*** Data section ***

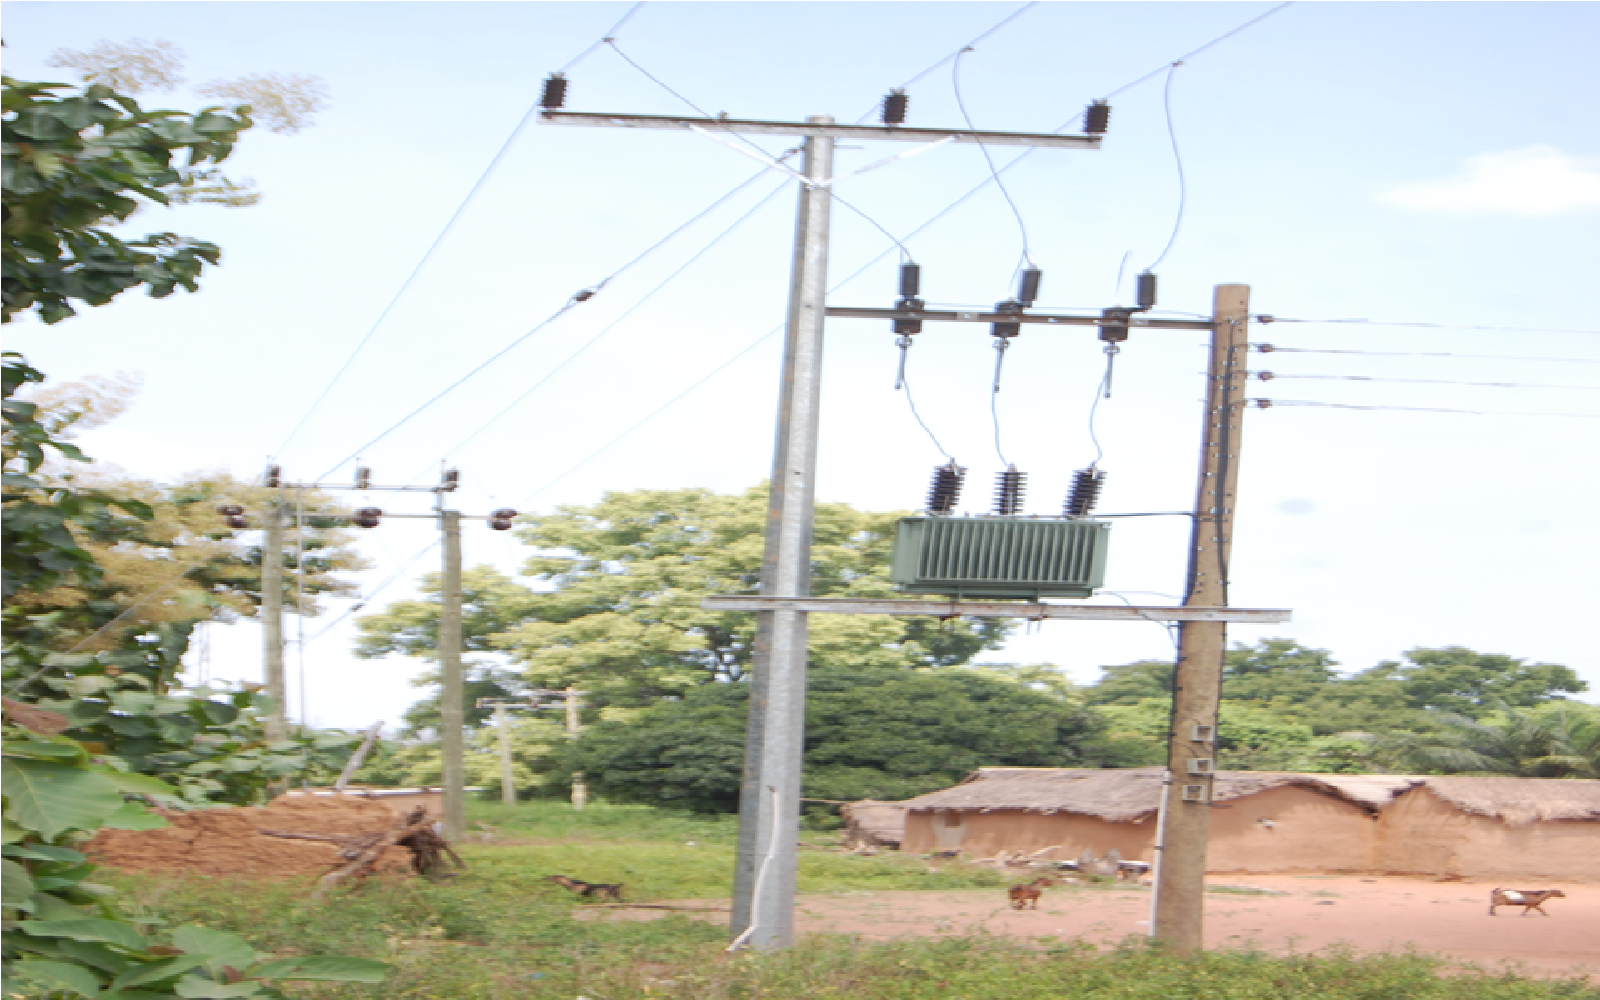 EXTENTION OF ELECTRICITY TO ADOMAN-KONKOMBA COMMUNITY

*** End of Data section ***
*** Data section ***

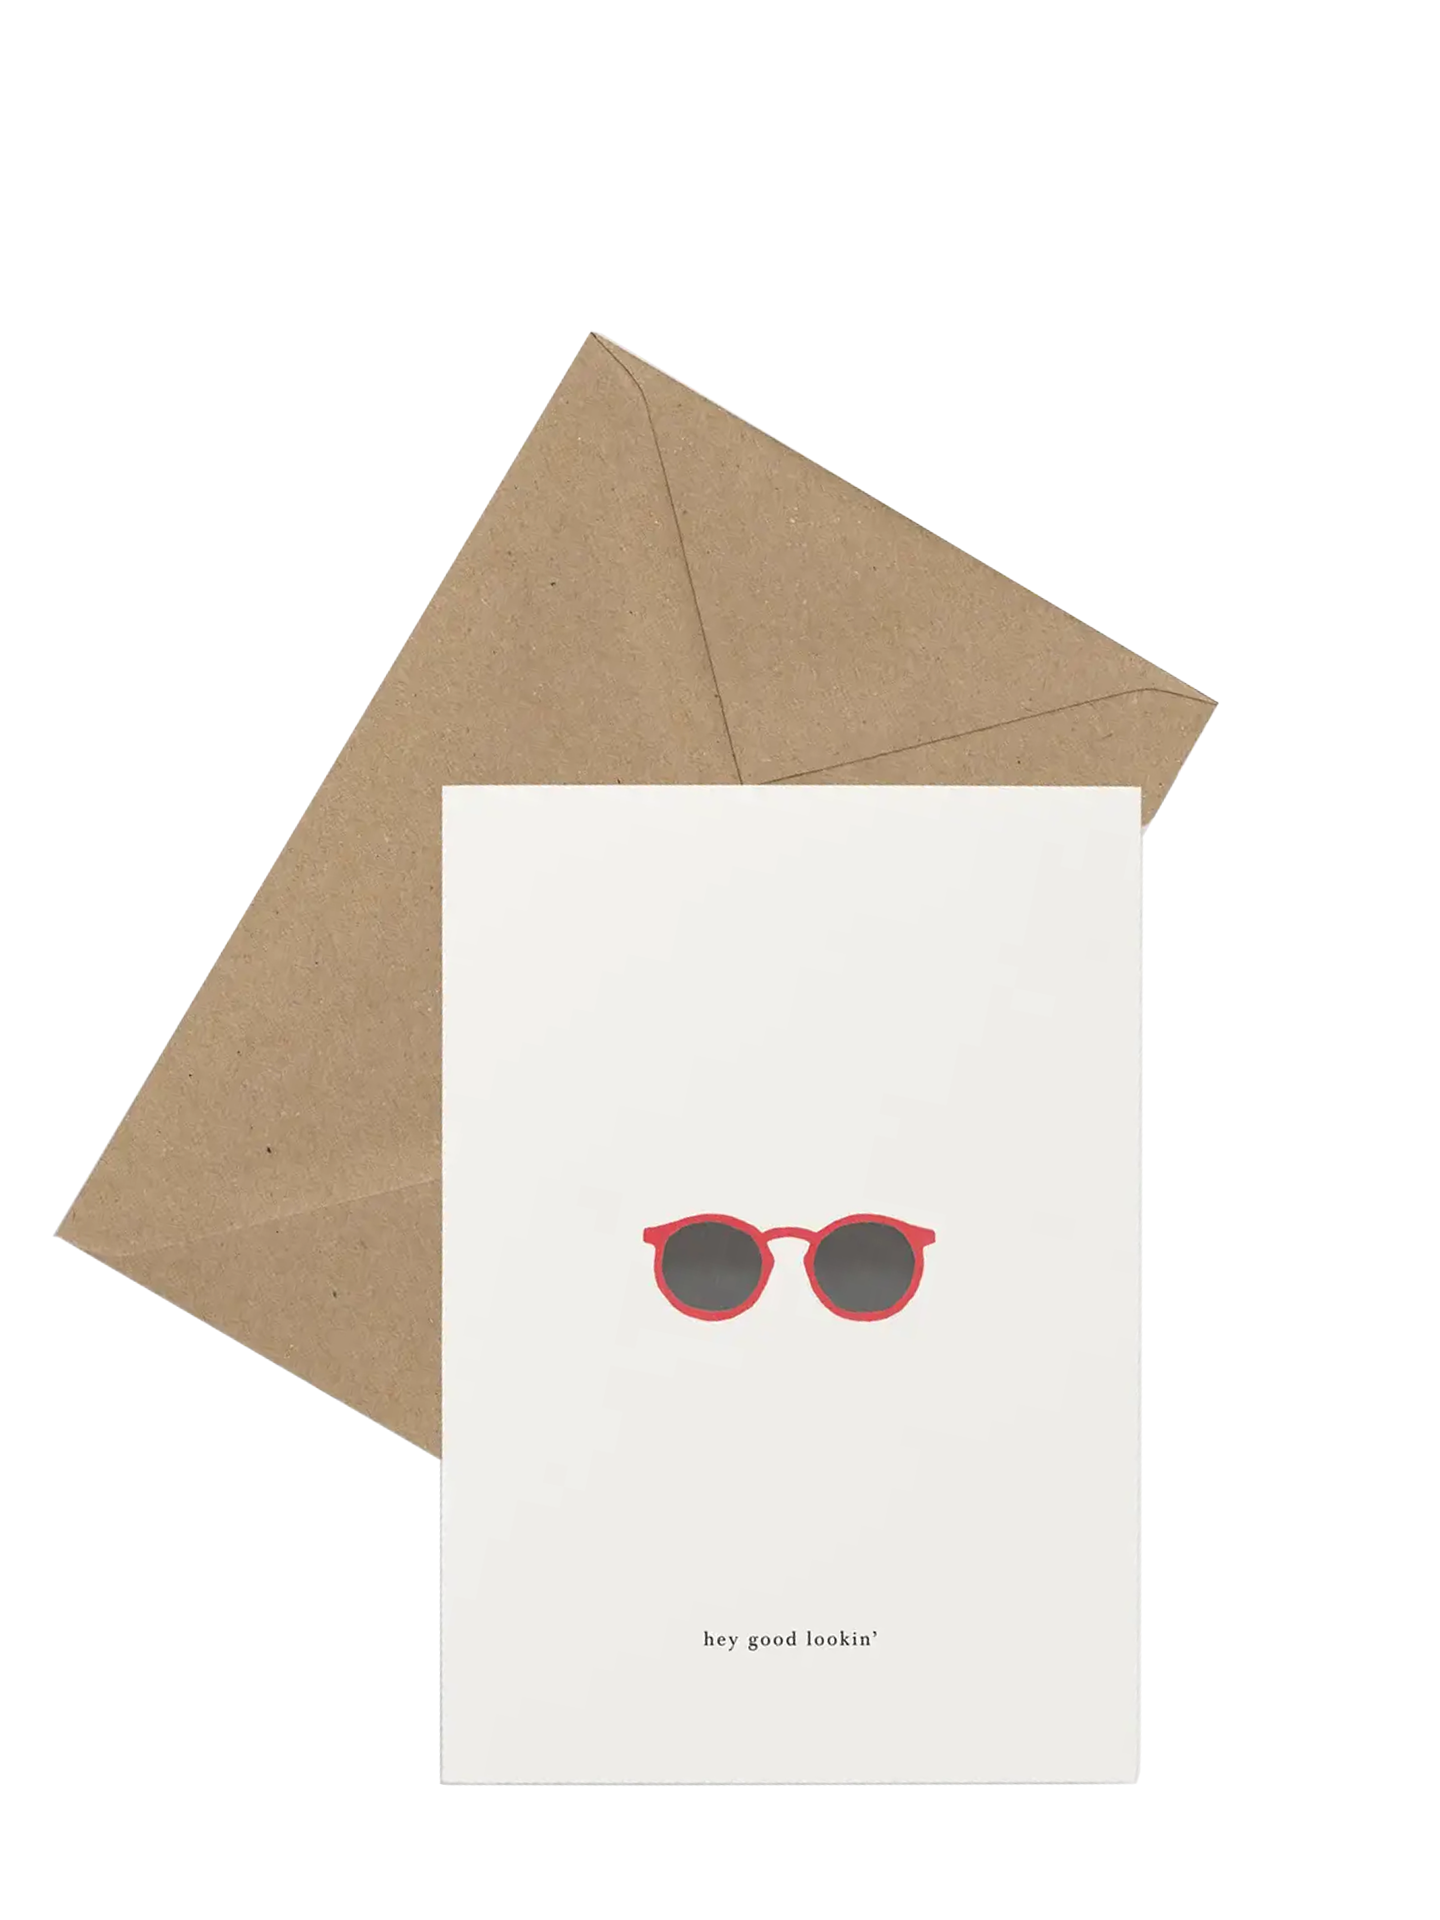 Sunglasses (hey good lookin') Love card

*** End of Data section ***
*** Data section ***

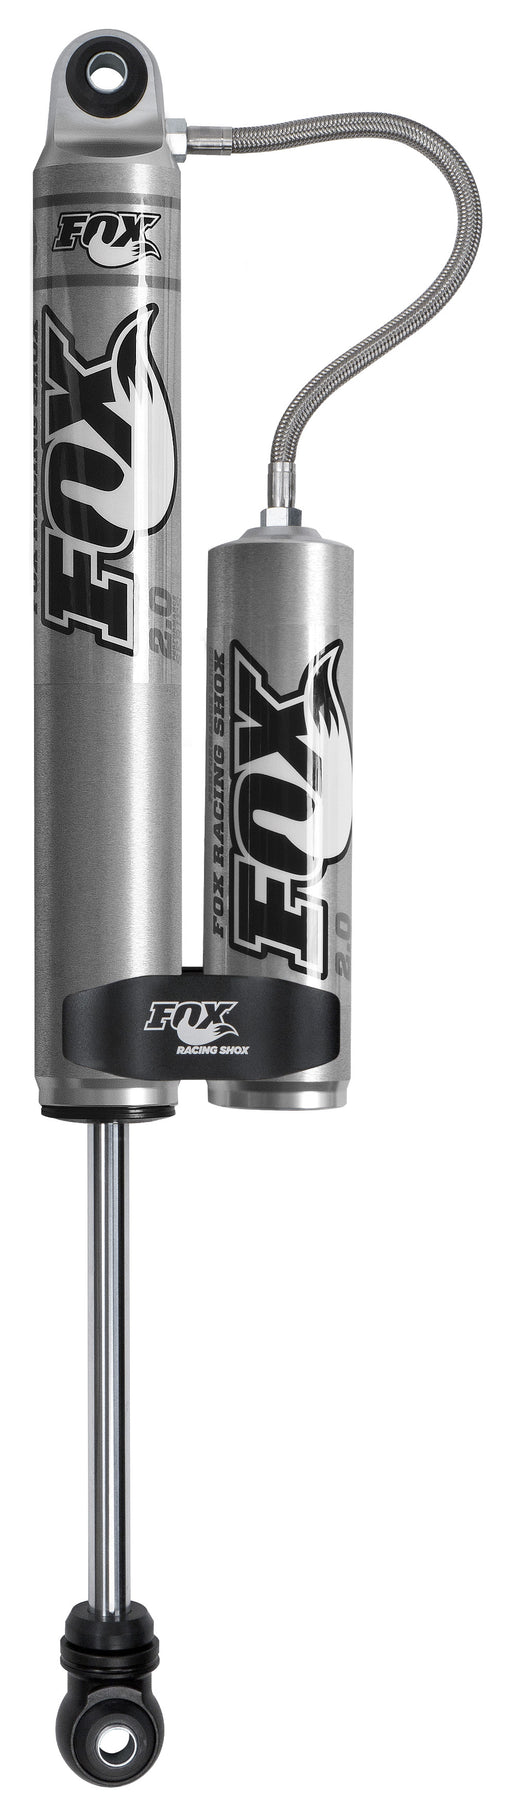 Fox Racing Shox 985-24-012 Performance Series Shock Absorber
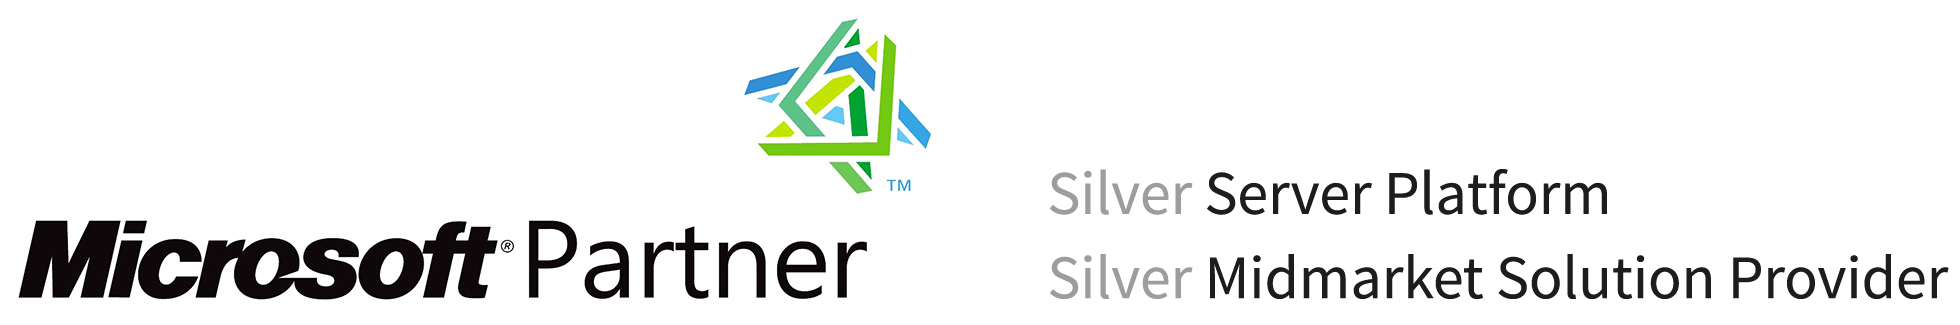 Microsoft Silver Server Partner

*** End of Data section ***

# [The problem]
Retype the lines above exactly as they appear, from the line containing "Fox Racing Shox" through the line containing "Microsoft Silver Server Partner", and leave out any pictures.

# [Exercise solution]
 Fox Racing Shox 985-24-012 Performance Series Shock Absorber
 Microsoft Silver Server Partner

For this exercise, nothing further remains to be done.